Tuesday, August 2, 2011

Global surface temperature coverage.

Global surface temperature coverage.

There have been articles in the blogosphere in recent years with titles something like "the dying of thermometers", and showing a plot something like this on the variation of GHCN stations over the years.

Raw station numbers aren't a good guide. GHCN was originally a grant-funded archiving exercise. It did not focus on even coverage - they largely archived what was available. The ongoing version of GHCN (since the mid 90's) relies on the submission of CLIMAT forms by countries, and this seems to be rationalised by area.

I was looking into the statistics of the cell weighting schemes I described in the previous post, and realised that these provided a good quantification of coverage over the years. In cell weighting I divide the surface into cells and calculate the number of stations reporting in each cell in each month. Empty cells represent coverage failure, so I've catalogued their occurrence. They are therefore a measure of coverage over time. Below the jump, I'll show how the global coverage of CRUTEM3, GHCN and HADSST2 has varied over the years. It has been generally improving.

My original aim was to compare the lat/lon cell scheme with the equal area scheme (see previous post). I did a run from 1900 to 2010, computing for each month the sum of weights as a fraction of what they would have been with every cell reporting. This is, put another way, the area of reporting cells as a fraction of total. As a reminder of the schemes and the empty-cell pattern, here are the two schemes. The stations shown are those that reported in April 2009; the yellow cells had no reporting stations. You can click to see double-size.

So for the CRUTEM3 analysis I plotted the time sequence of the fractional area occupied by the blue cells:

The graph shows both the monthly pattern and a 12-month running average. There is a lot of seasonality in the readings.

Commenting first on the weighting methods, yes, as expected the equal area method, tagged as 0, gives better coverage. Of course, this figure has to be balanced against resolution - either method would give perfect cover with large enough cells. But in this case, both have the same 5x5° cells at the equator, which is small enough to expect that variations within the area would not be large.

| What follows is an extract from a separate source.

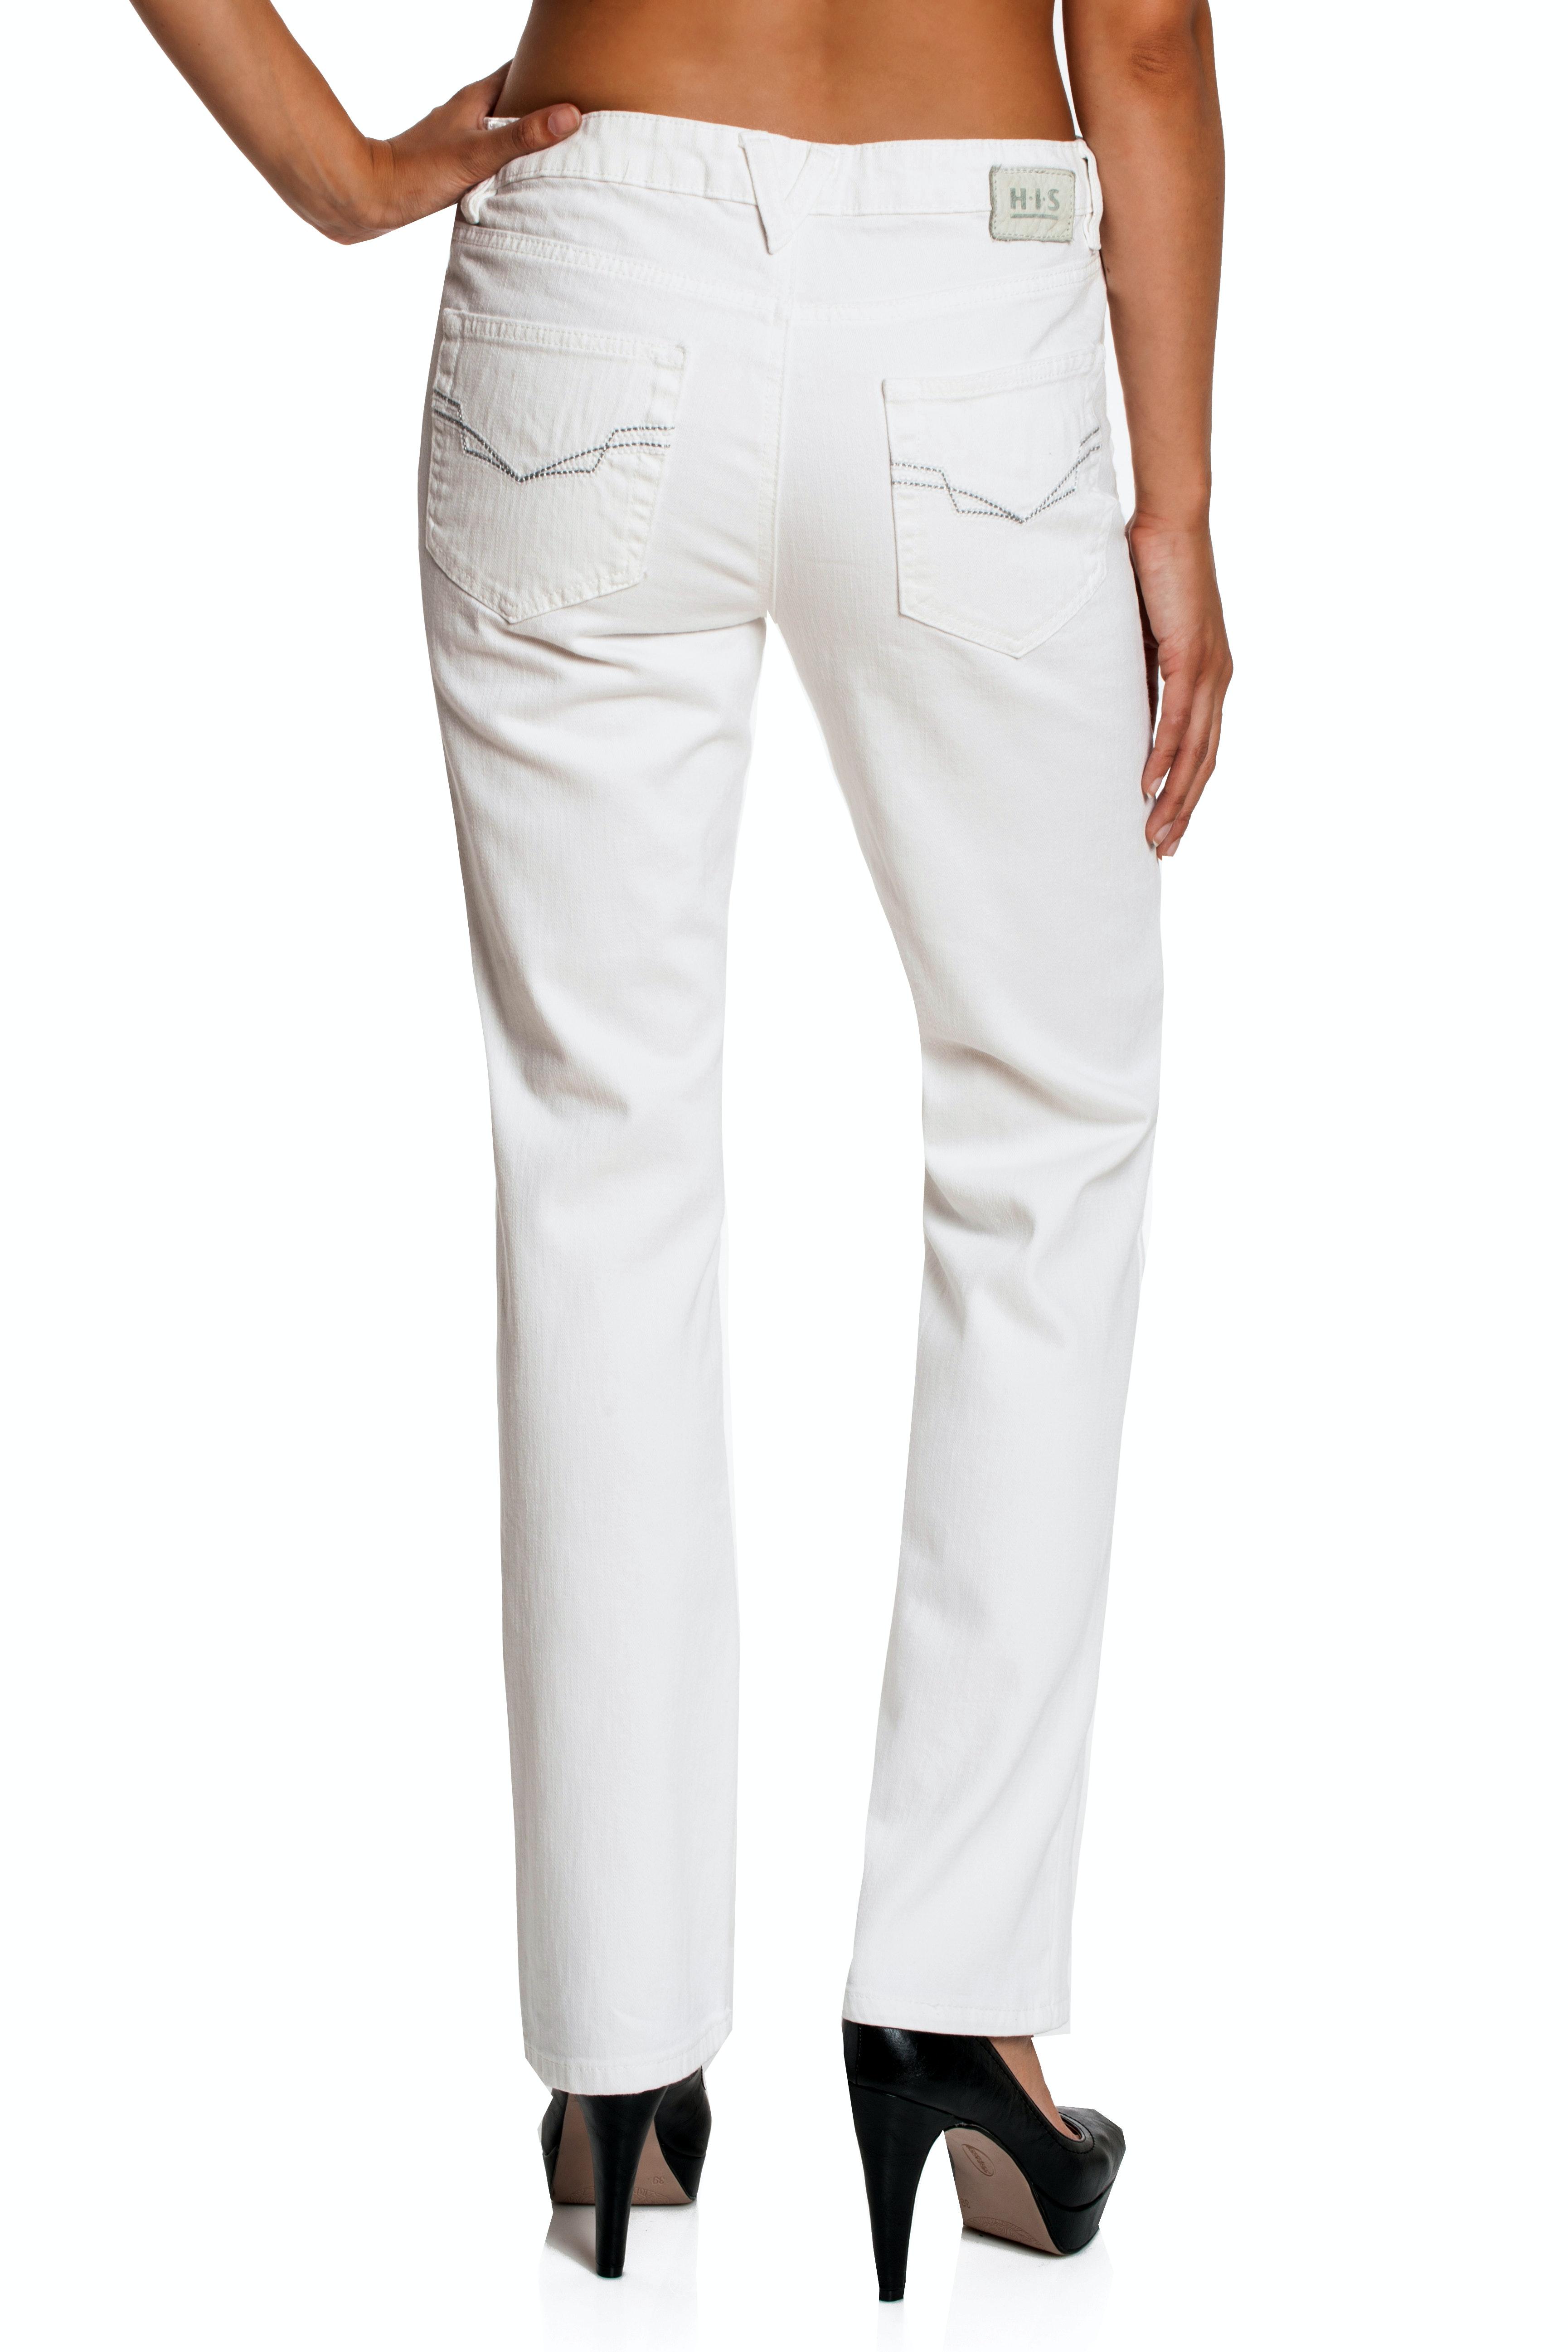 H.I.S. Jeans Mara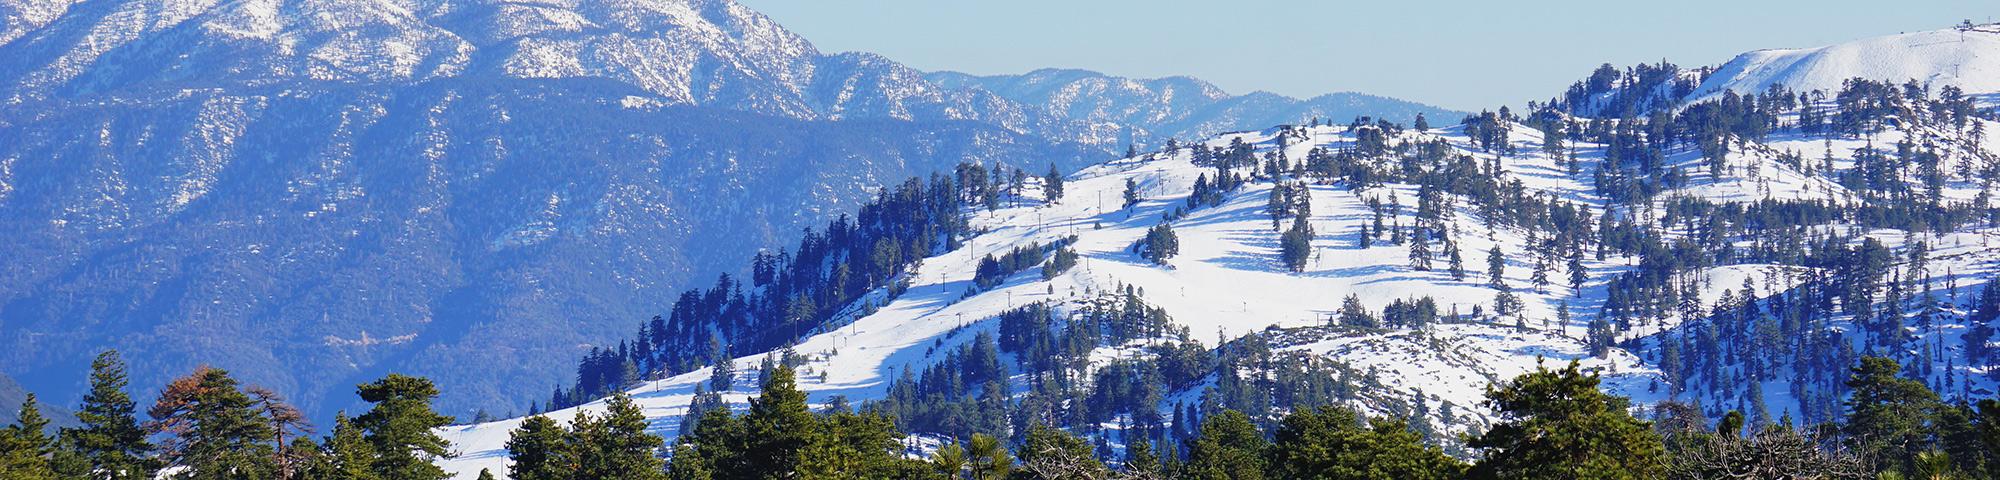 Best of Snow Valley 2019/20 | Packages & Top Tips - SnowPak

On total coverage, the effects of the two world wars on SST measurement are very evident. Otherwise, while coverage might be said to have peaked about 1980, it has been fairly even since. The big post-1988 decline in station numbers is associated with a small reduction in cover. You can see that expanded in this graph:

Looking more into the seasonality, here is an expanded plot from a period when it was very pronounced. It peaks around Dec-Jan. That may be due to better Southern Ocean SST coverage - a very large area.

CRUTEM3-GHCNV3 comparison

There isn't much to say here about total cover - GHCN very slightly greater. I'll show scheme 2 - the other is the same. In the legend, Giss means GHCNV3.

The actual pattern of empty cells may be of interest - here is a comparison of GHCN and CRUTEM3 for weighting style 0, for April 2009, as in the previous post: Remember both are using HADSST2, so don't expect any difference at sea:

GHCN Stations April 2009CRUTEM 3 Stations April 2009


  1. Eli would suspect that the WWI and WWII sst measurements are still keeping company with the Ark of the Covenant in some government warehouse. There was a lot of sea traffic.

  2. Very useful post. I just encountered the station dropout argument for the first time, and made good use of it.

    Kevin C

  3. more data--
    7676 monthly stations from canada..
    wont change the answer, but My machine is now processing all the monthly data from environment canada. Turns out some researchers would like have it. anyway


    WRT to SST in the SH:

    if you look at ICOADS data (raw) in the SH ( an animation) you can see that the coverage has seasonality in it. beats very nicely. I have that work around here somewhere. I think I showed it to peter webster.. so I must have it somewhere.. ( mac is pooping out )

  4. Pretty cool work Nick.

  5. Thanks, Jeff. R is fun to work with.

  6. Hi Nick,

    I had not been aware of the improved coverage. Thanks for nicely documented presentation. As is often the case when data is presented clearly, you get ideas for follow-on questions. In my case, I am curious whether you are in a position do do statistics on your data sets to assess "box quality". For example, you could do exactly what you did before, but calculate coverage of boxes that have at least ten stations in them. Obviously, in those plots, the effect of the reduced number of stations will be somewhat more pronounced. My ten stations minimum is not based on any deep knowledge. The amount of variance between the stations in a typical block should govern.

  7. Will,
    Yes, that's fairly easy to do. I think 10 is a bit high; in fact if spread evenly the current average would probably be less than two. GHCN has spread then fairly evenly, but also thinly.

    I'll do a plot that colors the cells according to number.

    Thanks for the kind words.

  8. Will,
    I should follow up this comment by saying that it is really only meaningful over land. SST is already an aggregate of a number of readings (of different kinds) in each cell.